For much of the world, climate change is a catastrophe unfolding in slow motion, with consequences that can still seemingly be ignored.

But in island nations across the Pacific, climate change has well and truly arrived and is already posing an existential threat to communities.

Rising sea levels have swallowed up five of the Solomon Islands since the mid-20th century.

For Kiribati, a small island nation made up of coral atolls, rising waters pose a threat so dire that in 2014 the government purchased a 20-square-kilometre piece of land in Fiji, to be used to re-settle climate refugees.

Fiji itself has recorded a six-millimetre sea level increase each year since 1993. And that’s just the beginning.

“The worst-case scenario is that we would be looking at one to three metres of sea-level rise [in the next 100 years],” said Elisabeth Holland, director of the Pacific Centre for the Environment and Sustainable Development at the University of the South Pacific.

“We’re looking at significant changes from here on out, so we need to have strong plans in place,” Holland told Al Jazeera.

Rising sea levels aren’t Fiji’s only concern, however.

Tropical cyclones are predicted to increase in intensity in the region. In February 2016, Fiji was struck by the most powerful tropical cyclone to ever hit the country. Cyclone Winston killed 44 Fijians and caused more than $1bn worth of damage.

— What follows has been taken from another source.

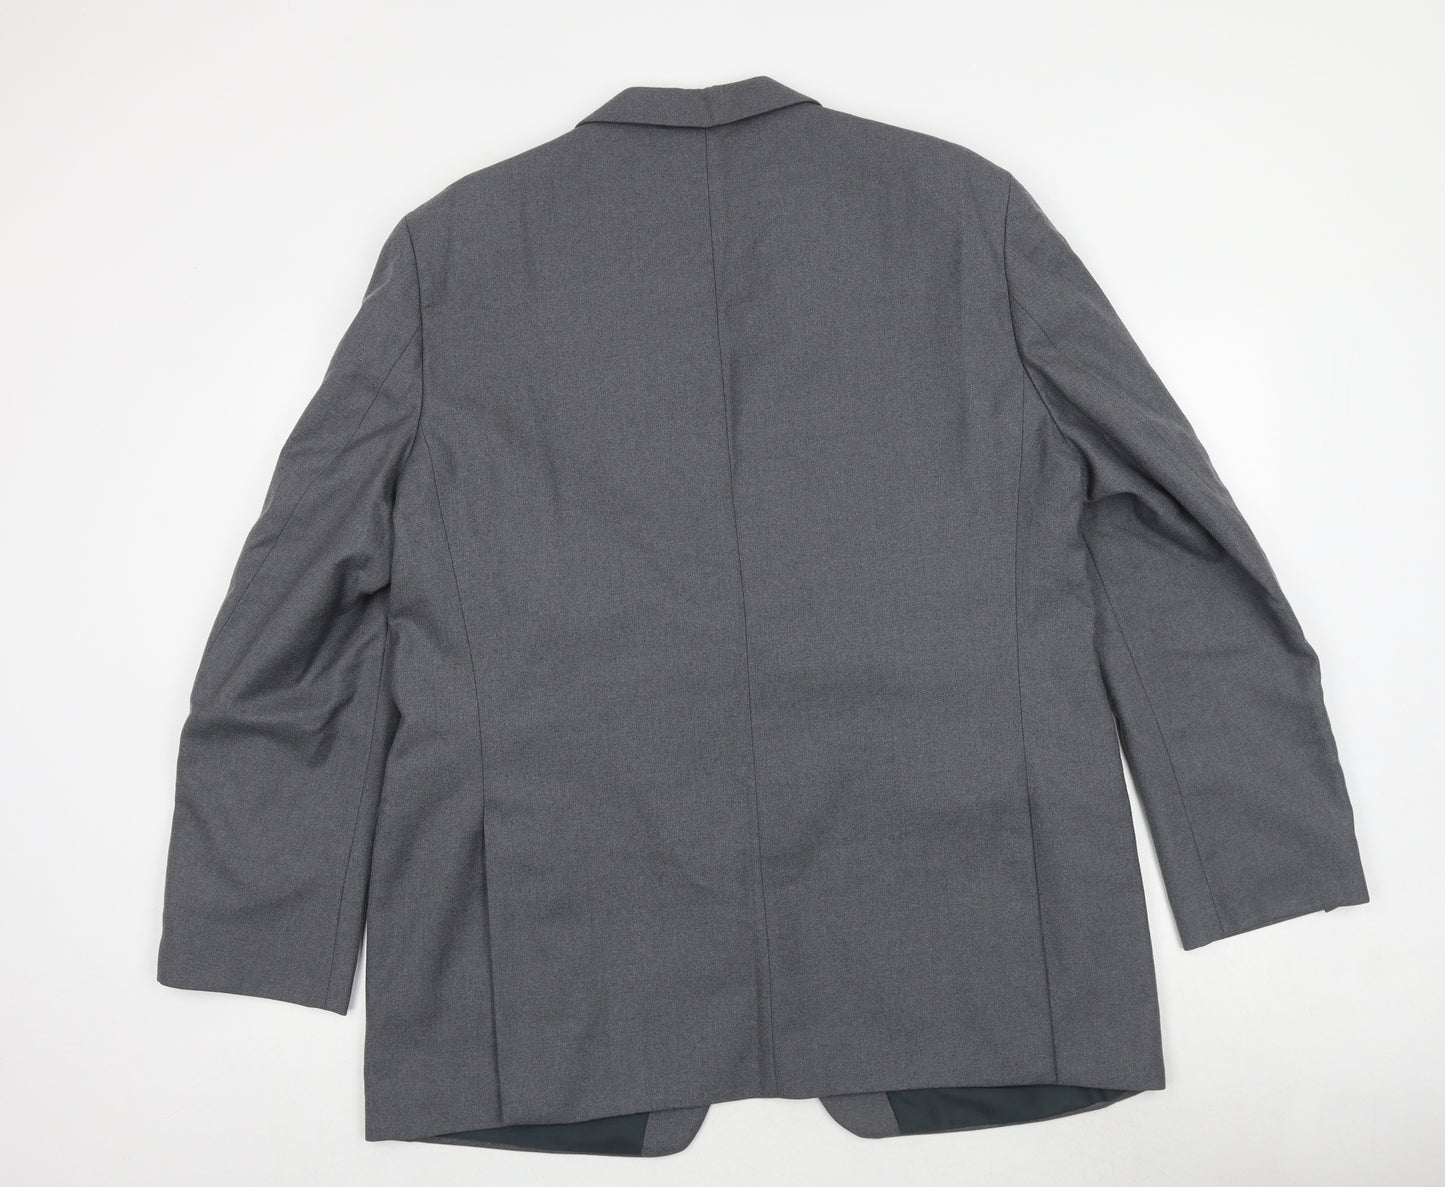 Grendale Mens Grey Wool Jacket Suit Jacket Size 44 Regular

With nearly one-third of all Fijians currently living in areas prone to these environmental disasters, the government announced last November that 43 villages would need to move to higher ground.

But, said Holland, “What many of these villagers want is to stay exactly where they are, where they’ve been for generations, where their ancestors are buried.

“Many of these villages have been there for the last 100 years. Any time you have to move your home – and this is not a choice that’s in their hands – it’s a terrible challenge.”